EXERCISE DETAILS
After locating the line with "Container transport service" in the data that follows, return it and every later line exactly, up to and including the line with "Le monde oublié".

MATERIAL FOR THE TASK
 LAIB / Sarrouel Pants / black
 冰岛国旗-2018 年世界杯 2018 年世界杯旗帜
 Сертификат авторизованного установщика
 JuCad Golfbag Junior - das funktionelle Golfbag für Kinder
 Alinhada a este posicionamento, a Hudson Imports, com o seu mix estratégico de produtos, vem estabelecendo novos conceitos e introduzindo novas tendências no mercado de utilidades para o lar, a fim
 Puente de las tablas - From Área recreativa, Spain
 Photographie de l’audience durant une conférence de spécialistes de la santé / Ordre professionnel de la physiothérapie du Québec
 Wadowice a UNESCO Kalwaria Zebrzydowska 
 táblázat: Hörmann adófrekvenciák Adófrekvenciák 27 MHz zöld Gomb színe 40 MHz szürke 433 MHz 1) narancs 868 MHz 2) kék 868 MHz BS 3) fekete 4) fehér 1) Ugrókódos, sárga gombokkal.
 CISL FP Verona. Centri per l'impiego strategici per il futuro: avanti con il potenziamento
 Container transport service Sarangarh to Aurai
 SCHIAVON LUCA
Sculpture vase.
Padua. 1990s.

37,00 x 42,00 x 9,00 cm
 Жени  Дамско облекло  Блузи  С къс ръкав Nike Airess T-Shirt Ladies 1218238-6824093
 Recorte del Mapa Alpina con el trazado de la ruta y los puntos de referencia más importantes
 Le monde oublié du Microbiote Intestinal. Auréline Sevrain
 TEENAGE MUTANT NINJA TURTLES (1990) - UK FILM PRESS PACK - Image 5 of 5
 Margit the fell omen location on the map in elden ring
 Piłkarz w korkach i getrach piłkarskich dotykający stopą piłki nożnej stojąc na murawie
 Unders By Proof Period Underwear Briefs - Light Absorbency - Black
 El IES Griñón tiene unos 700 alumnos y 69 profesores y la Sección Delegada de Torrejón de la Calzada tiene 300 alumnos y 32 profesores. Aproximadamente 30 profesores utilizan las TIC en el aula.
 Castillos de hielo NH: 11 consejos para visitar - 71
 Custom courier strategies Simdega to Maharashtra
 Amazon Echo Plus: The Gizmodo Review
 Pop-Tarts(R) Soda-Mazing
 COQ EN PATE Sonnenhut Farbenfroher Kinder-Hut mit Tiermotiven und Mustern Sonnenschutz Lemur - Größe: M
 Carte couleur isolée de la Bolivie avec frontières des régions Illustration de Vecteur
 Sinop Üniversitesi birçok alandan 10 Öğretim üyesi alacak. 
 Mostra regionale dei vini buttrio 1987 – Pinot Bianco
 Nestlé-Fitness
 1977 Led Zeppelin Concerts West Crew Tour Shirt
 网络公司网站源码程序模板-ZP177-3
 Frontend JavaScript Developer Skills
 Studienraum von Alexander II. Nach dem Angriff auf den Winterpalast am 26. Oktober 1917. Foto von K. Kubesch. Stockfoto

SOLUTION TO THIS PROBLEM
 Container transport service Sarangarh to Aurai
 SCHIAVON LUCA
Sculpture vase.
Padua. 1990s.

37,00 x 42,00 x 9,00 cm
 Жени  Дамско облекло  Блузи  С къс ръкав Nike Airess T-Shirt Ladies 1218238-6824093
 Recorte del Mapa Alpina con el trazado de la ruta y los puntos de referencia más importantes
 Le monde oublié du Microbiote Intestinal. Auréline Sevrain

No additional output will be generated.